When one mentions the concept of linguistic genocide, many people are
shocked. They ask: Genocide?
Is the term not
too strong? Is it not watering down the concept - after all, genocide is
about killing people physically, is it not?
In
order to show that what happens in minority education really can be
genocide, we have to look at the United Nations Genocide Convention. UN
International Convention on the Prevention and Punishment of the Crime of
Genocide (E793, 1948)
has five definitions of genocide.

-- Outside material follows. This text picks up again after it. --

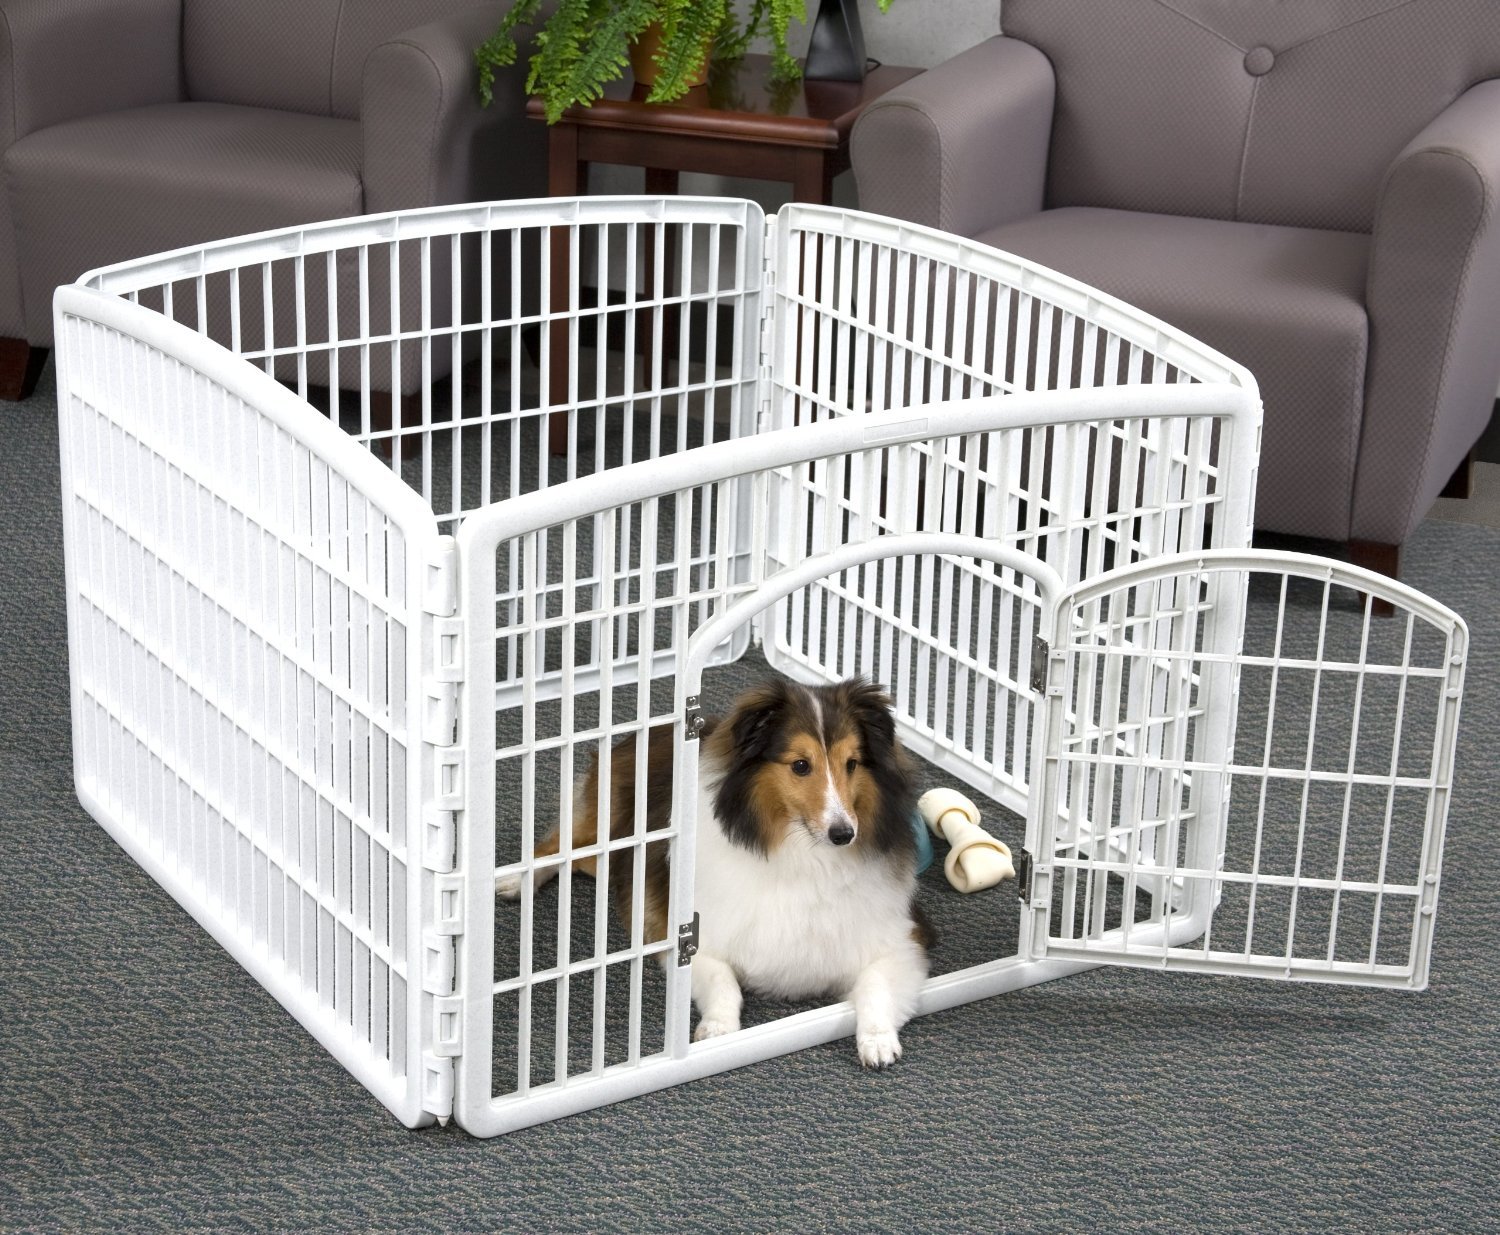 4 Panel Containment Gate Fence For Pet Pen Dog Puppy Plastic And Exercise Indoor Fences

Two
of them fit today’s indigenous and minority education.
Article
II(e): 'forcibly transferring children of the group to another group';
and
Article
II(b): 'causing serious bodily or mental harm to members
of the group'; (emphasis added).
In
order to make what the definitions might means more concrete, I give several
examples from various parts of the world. I ask the readers to think, for
each example, whether it also applies to Kurdish children in Turkey.
Pirjo
Janulf (1998) conducted a
longitudinal large-scale (almost 1200 youngsters in grade 9) study with
Finnish immigrant minority children in grade 9 in Sweden as the main
informants (with several types
of control groups in Sweden and Finland). All their education was through
the medium of Swedish. Janulf went back to as many as she could find, after
15 years.
Not
one of them spoke any
Finnish to their own children. Even
if her informants themselves might not have forgotten their Finnish
completely, their children were certainly forcibly transferred to the
majority group, at least linguistically.
What
about Kurdish children in Turkey? Assimilationist
education
is genocidal. It transfers
children forcibly from their own group to another group, linguistically and
culturally.
Edward
Williams (1995) conducted a large-scale study in Zambia and in Malawi, with
some 1,500 students, in grades 1-7. The Zambian students had all their education through the medium of
English only. Large numbers
of Zambian
pupils have, according to Williams, “very weak or zero reading competence
in two languages”. The Malawi
children were taught in local languages (which in most cases were their
mother tongues) during the first 4 years, with English as a subject; from
grade 5 onwards their education was through the medium of English. These
Malawi students had slightly better test results even in the English
language than the Zambian students. In addition, they learned to read and
write their own languages. Williams’
s conclusion is: “There is
a clear risk that the policy of using English as a vehicular language may
contribute to stunting,
rather than promoting, academic and cognitive growth”.
Surely
stunting a child’s academic and cognitive growth is “causing serious
mental harm” to the child, i.e. it fits the UN Genocide Convention’s
definition of genocide.
What
about Kurdish children in Turkey?
Katherine
Zozula’s and Simon Ford’s 1985 report
Keewatin Perspective on Bilingual Education tells about Canadian Inuit
‘students (taught through the medium of English, not their mother tongue)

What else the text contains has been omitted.